# New Blue Copperhead



## d_clyatt (Oct 18, 2012)

The wait is over I finally picked up my Copperhead June 22nd and just getting some pictures up. I pretty much got every option and it runs awesome. 
























First couple of fish


----------



## BayStYat (Sep 12, 2012)

GPS Speed? 

Sweet ride


----------



## d_clyatt (Oct 18, 2012)

32 MPH on GPS with two people and gear.


----------



## Gramps (Nov 1, 2007)

That's a beaut Blue! How do you like that trailer?


----------



## Shadowcast (Feb 26, 2008)

Pretty skiff!! Congrats!


----------



## d_clyatt (Oct 18, 2012)

Gramps the trailer is good so far. It just tucks into the garage with the swing tounge and the boat can be pulled on with the dock line when I am by my self or with the wife no need to drive it on. Float on I guess they got the name right.


----------



## fishicaltherapist (Mar 9, 2013)

Very nice skiff, I do like blue.


----------



## flyfisheraa573 (Jun 26, 2008)

Nice boat...better looking Jeep!!

Seriously, great job on both!


----------



## McFly (Jan 17, 2007)

Sweet!  Welcome to the club!  Love the color!  

Youngest daughter lives near Burnt Store...she wants me to bring my Copperhead over (and Grandma to babysit the little guy) - judging by your hat do you fish that area?  

Enjoy it, and keep posting up pics!


----------



## oysterbreath (Jan 13, 2009)

PUR-DEE!
That Jeep and the boat together....That's just down right PUR-DEE!


----------



## paint it black (Nov 3, 2007)

> 32 MPH on GPS with two people and gear.

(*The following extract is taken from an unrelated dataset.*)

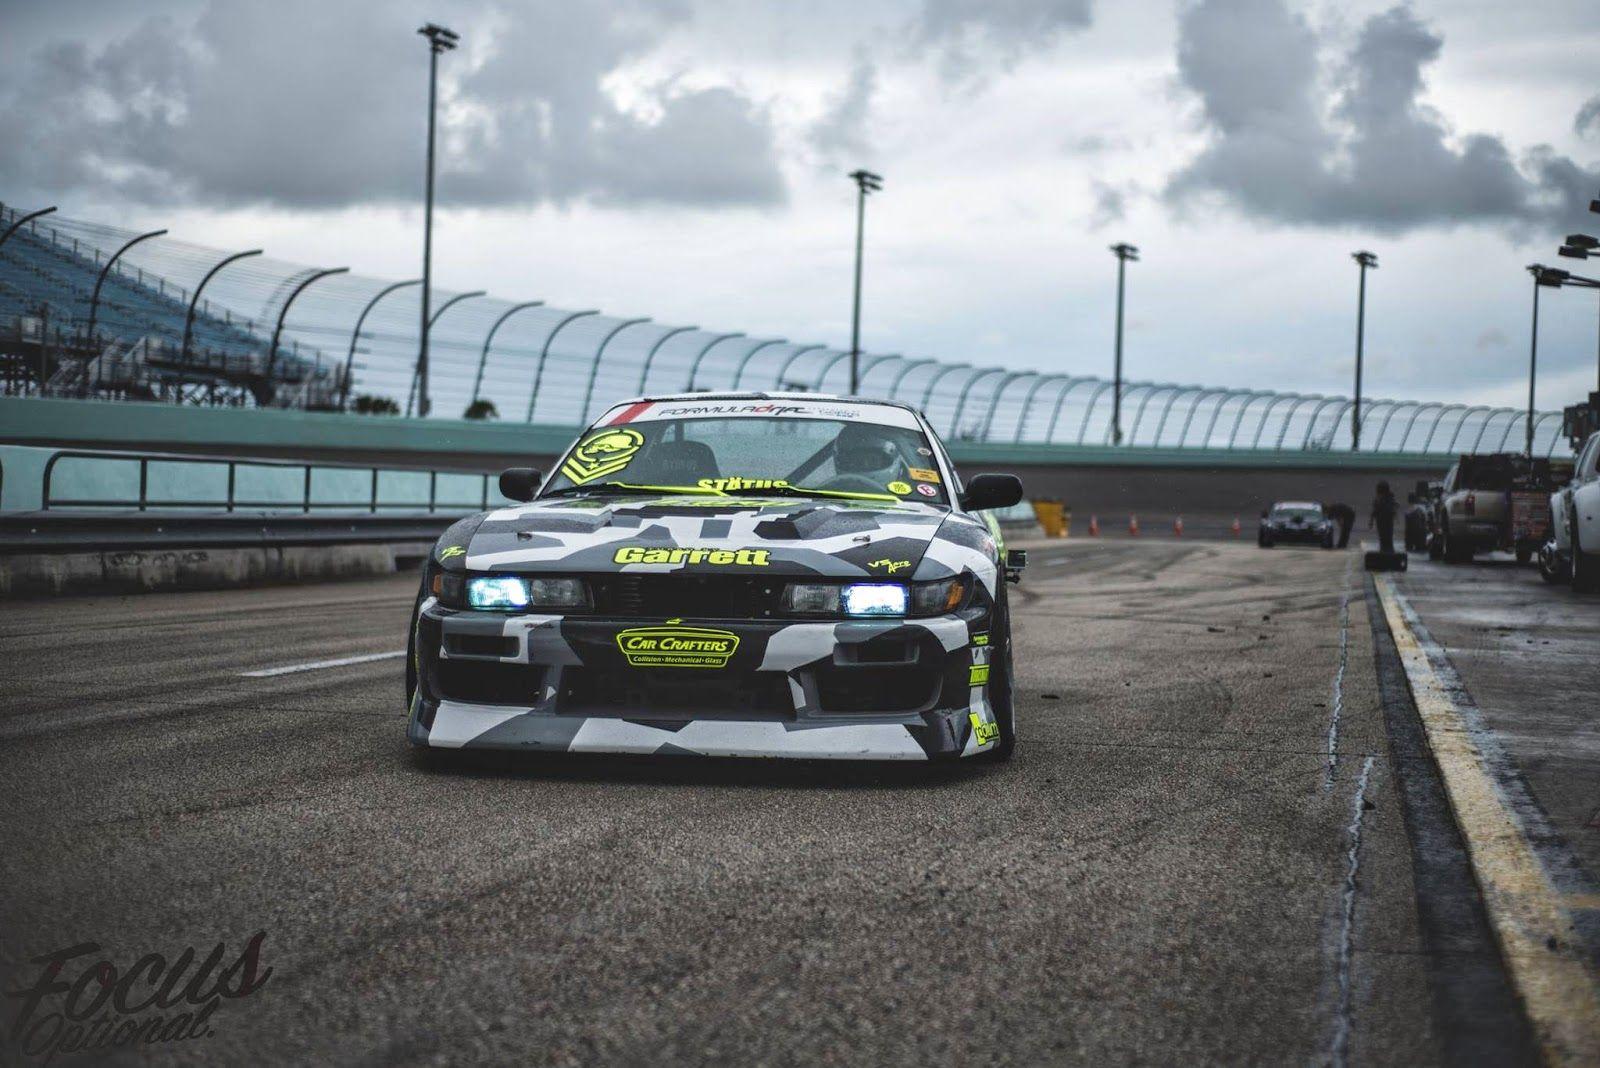 Explore formula drift racing and more

What prop are you running? I get 39-41 out of my Copperhead with a 60, with three people and gear. 

Are you sure that's not 32 knots?


----------



## davefishing (Dec 16, 2011)

Real nice, the jeep and boat all match. More pics please.


----------



## Gonefishin (Jan 10, 2010)

Nice rig. Hope you enjoy it.


----------



## kellyjon89 (Jun 28, 2012)

Nice boat and hat! I like the blue boat a lot. Good luck with it and let's get it slimed up!


----------



## paint it black (Nov 3, 2007)

Rig looks awesome, I would black out the trailer rims, too!


----------



## tguasjr (Mar 9, 2009)

> Rig looks awesome,  I would black out the trailer rims, too!


I was thinking the same thing!


----------



## cturner149 (Jul 3, 2012)

Nice boat! Dig the jeep too..


----------



## mikeregas (Mar 15, 2013)

Nice rig! I agree with blacking out the rims. Post some pics of it slimmed!


----------



## High + Dry Adventures (Apr 11, 2011)

nice rig buddy. 

Welcome to the Family


----------



## Parrboy (Nov 18, 2012)

Hey I saw you today north of pirate harbor. Sweet boat. I was gonna slow down n check it out but didn't want to get yelled at. Wasn't sure it was you till I saw the jeep at the ramp.Might hit you up when I'm in the market soon


----------



## d_clyatt (Oct 18, 2012)

> Hey I saw you today north of pirate harbor. Sweet boat. I was gonna slow down n check it out but didn't want to get yelled at.  Wasn't sure it was you till I saw the jeep at the ramp.Might hit you up when I'm in the market soon


You should have stopped we weren't catching much so I don't think you would have scared the fish.... Let me know you can check it out anytime....


----------